From the shores of Jamaica’s southern coast to the edges of Norway’s Lofoten Islands, the September Issue of SURFER Magazine showcases exotic and local perspectives on far-flung destinations. For an early look at the tales and photos inside it, here are five shots that made the cut:
Edges of Africa | About a year ago, Santa Cruz surfer Gary Conley decided to take the most ambitious surf trip of his life. Armed with little more than a motorcycle, camping supplies, and a 5’11” swallowtail, Conley set out to circumnavigate the African continent. From somewhere in Angola, he gives us a status report.
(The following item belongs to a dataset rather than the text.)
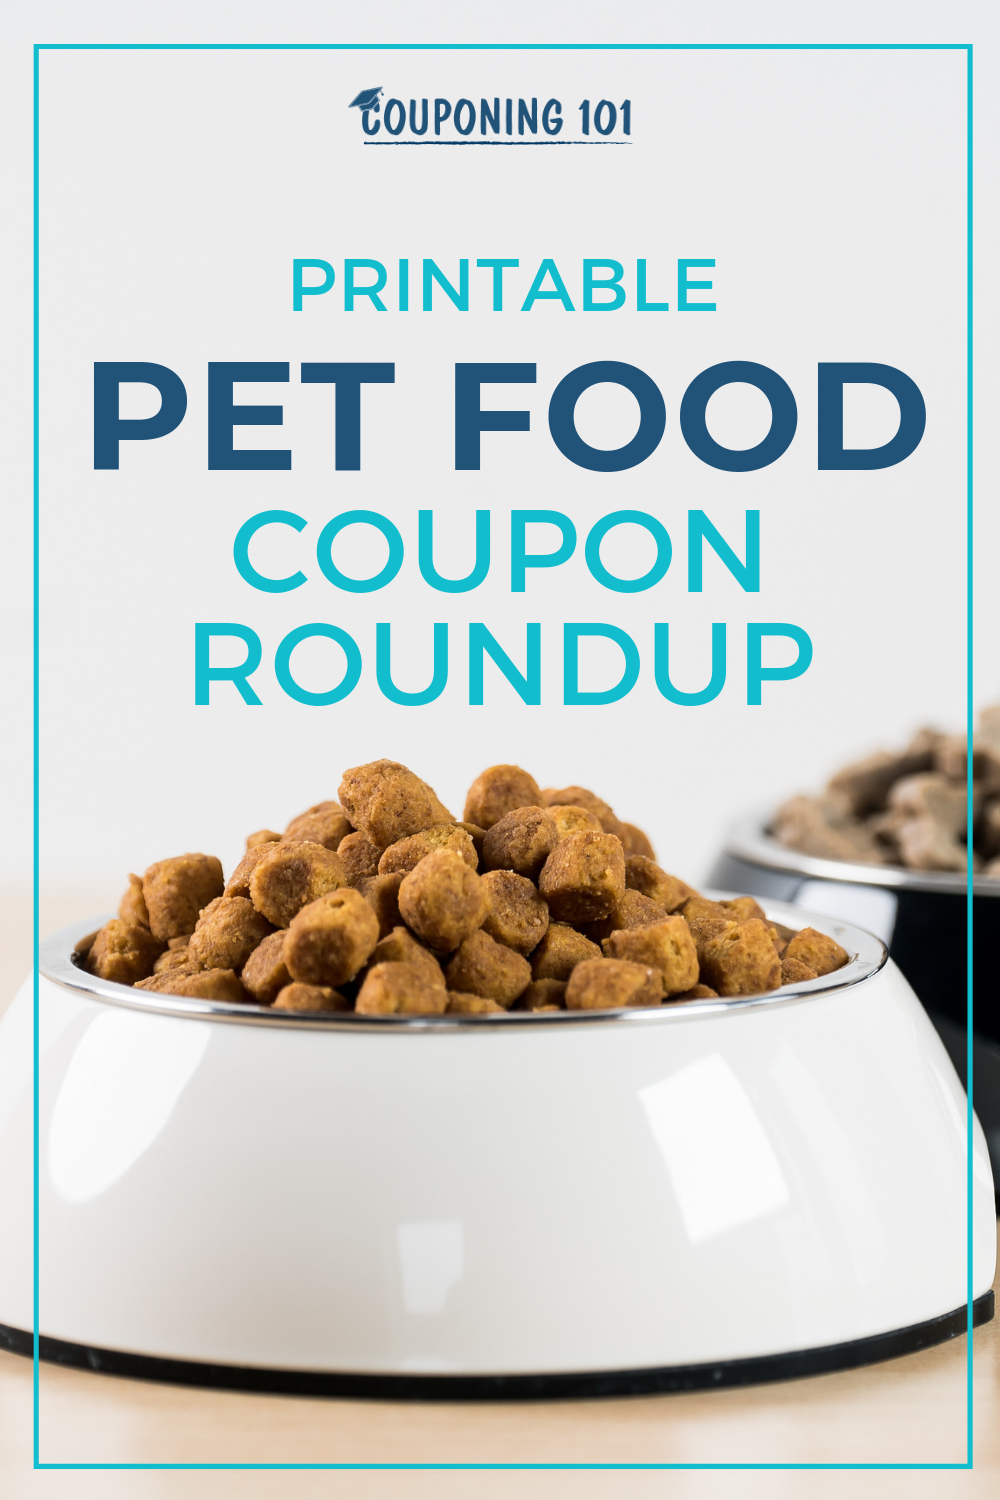 Free Printable Pet Coupons Roundup | Budget-Friendly Pet Care - Free Printable Dog Food Coupons

Misfits of Bull Bay | Along Jamaica’s impoverished southern coast, Billy “Mystic” Wilmot and his sons have built an unlikely surfing community and pioneered many of the island’s best waves. But for the next generation of Jamaican surfers, surfing is more than a pastime. It’s the potential for a better life. Dylan and Josie Graves and Dane and Tanner Gudauskas head to the Caribbean island to experience firsthand Jamaica’s unique surf scene.
Valhalla’s Coast | Almost 50 years ago, a Norwegian surfer named Thor shaped his first surfboard to ride the frigid waves of Unstad Bay in the Lofoten Islands. It didn’t go very well. Now armed with much warmer wetsuits, surfers have returned to Unstad and built an unlikely surf paradise on this inhospitable stretch of coast. Pat Millin, Brett Barley, and Chadd Konig head to Unstad Bay to find that arctic surfing is alive and well on its snowy shores.
Sharkspotting | Just off the coast of Cape Town lies one of the largest great white shark populations in the world. Within the last decade, human encounters with sharks have become more frequent, often with tragic results. But a nonprofit equipped with little more than flags and binoculars has found a new way to keep surfers safe.
Turning For Home | From the flawless barrels of North Point to the harrowing slab at The Box, Western Australia offers some of the best and most daunting waves in the world. After moving to California five years ago, West Oz native Yadin Nicol takes us on a journey back to his rugged home breaks.